Après la publication hier de la présentation de l’ouvrage de Bruno Charlaix et Marc Lassus consacré à la saga Gemplus, nous publions ici en bonnes feuilles l’avant-propos de l’ouvrage. Nous remercions les auteurs pour leur aimable autorisation.
En 2000, Gemplus enchaîne les succès à un rythme endiablé, la société créée en 1988 est alors leader mondial incontesté dans le domaine des cartes à puce ainsi que dans celui des cartes SIM indispensables au fonctionnement de nos téléphones portables. Son chiffre d’affaires dépasse le milliard d’euros, elle génère de très confortables profits et ses effectifs tournent autour des dix mille salariés, disséminés dans le monde entier. Pour y parvenir, il a fallu la foi chevillée au corps de cinq ingénieurs, au rang desquels Marc Lassus, qui en viennent à quitter leur employeur Thomson-CSF, celui-ci ne désirant pas développer ce type d’activité, et décident de faire le grand saut en créant leur propre entreprise. Ils vont mettre à profit la possibilité de bénéficier de dégrèvements fiscaux offerts aux entreprises acceptant de s’implanter dans le canton de La Ciotat qui souffre de la fermeture de son chantier naval. Ils tiennent par ailleurs leur premier client, France Telecom, et possèdent la maîtrise industrielle de cette technologie qui va révolutionner nos habitudes de paiement et de nos modes de communication.
Aux alentours du site de Gémenos où va être érigée l’usine, se trouve un Club de Sport nommé le « Gem Club » dont le nom inspire Marc. Pourquoi ne pas appeler l’entreprise Gemcard ? Les fondateurs sont d’accord et une modeste conférence de presse sera rapidement organisée dans le sous-sol d’un hôtel de Marseille. Contre toute attente, Marc reçoit un coup de fil en provenance de Lyon de la part d’une personne qui revendique la paternité du nom et qui l’a déjà déposé pour le compte de son entreprise. Son activité consiste à imprimer des cartes de visite et accessoirement, assure-t-elle, des cartes plastifiées. Sa dénomination est tirée de ses initiales : Grégoire Étienne Marthoud ! Il tente de négocier un droit d’utilisation mais ses prétentions trop élevées feront que la piste sera vite délaissée.
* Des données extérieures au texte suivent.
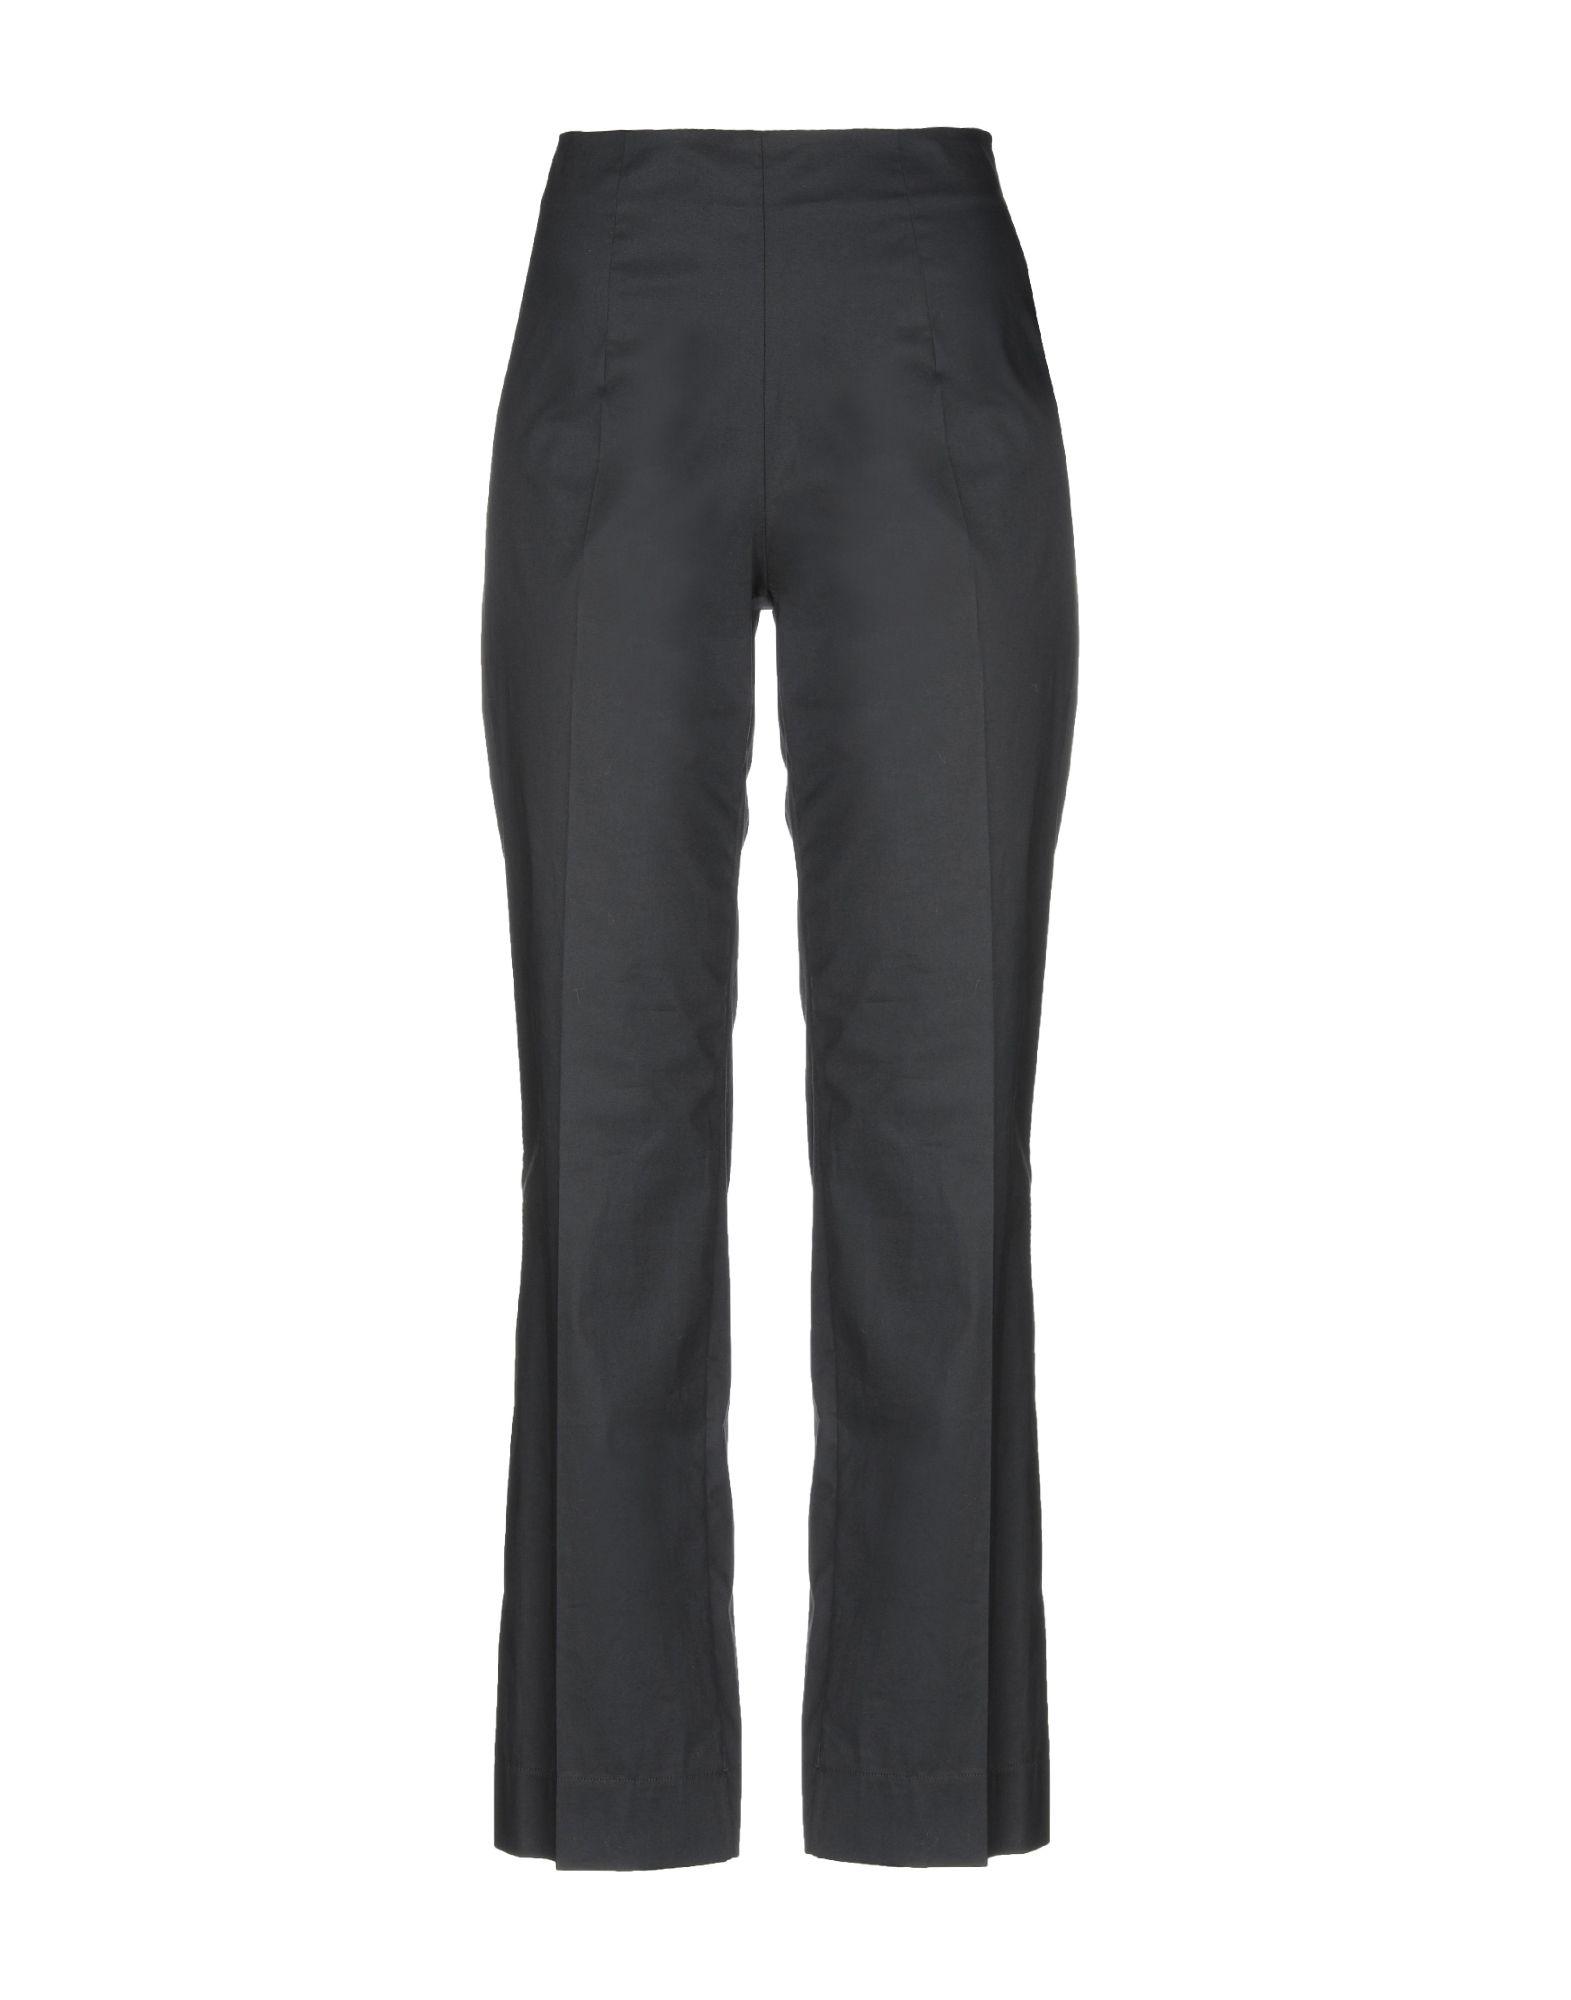 Pantalone Cristina Rocca donna - - 13245550GQ  heißer Verkauf online

C’est au cours d’un dîner à Aix avec un ami d’origine indienne, patron de la société californienne Catalyst qui transférait chez Thomson une technologie de mémoires non volatiles, que celui-ci glissera à l’oreille de Marc :
« Why don’t you call it Gem Plus ? » Cette fois-ci, le nom définitif est trouvé !
Un patron californien
Reste désormais à trouver un logo représentatif. Celui-ci sera proposé par une toute petite agence de communication voisine, qui plus est pour un coût dérisoire. Il consiste en une sorte de G majuscule de couleur bleue, complété du signe « plus » et traversé de traits orientés vers le haut représentant chacun des fondateurs. Marc remarquera en relisant le roman de René Barjavel, la « Nuit des temps », dont ce sera très certainement inspiré Roland Moreno pour imaginer une bague réalisant les fonctions des cartes à puce d’aujourd’hui, que la civilisation Gondawa, venue de l’espace et « découverte » à 1 000 mètres sous les glaces l’Antarctique, aurait existé 900 000 ans plus tôt et utilisait un sigle presque identique appelé « équation de Zoran » qui signifie « ce qui n’existe pas existe ». On ne peut s’empêcher de faire le rapprochement avec les « états superposés » de la mécanique quantique et penser que la future carte à puce proposée par Gemplus existait déjà avant même d’exister.
En 2000, afin d’accompagner son développement, Marc Lassus cède au chant des sirènes d’outre-Atlantique et accepte de céder 26 % de son capital au fonds d’investissement américain Texas Pacific Group. Comme le dira à Marc le conseiller politique et économiste Alain Minc : « N’avez-vous pas laissé entrer le loup dans la bergerie ? ». Ce choix était pourtant motivé par la volonté affichée d’entrer en Bourse aux États-Unis et en France et celle de partir à la conquête du vaste marché américain. Parmi les premières décisions figure la nomination à la tête de la société d’Alex Mandl, en provenance d’In-Q-Tel, société de capital-risque émanant de la toute-puissante CIA, ce qui ne sera découvert que plus tard. Malheureusement, rien ne se passe comme prévu. Très vite les premières difficultés surgissent, du fait d’une opposition frontale en ce qui concerne la stratégie, entre le nouveau management de Texas Pacific Group et Marc Lassus. En 2002, le couperet tombe et les premiers plans sociaux font leur apparition. Le 29 décembre, Marc se voit contraint de démissionner de son poste au conseil d’administration, laissant ainsi le champ libre aux Américains.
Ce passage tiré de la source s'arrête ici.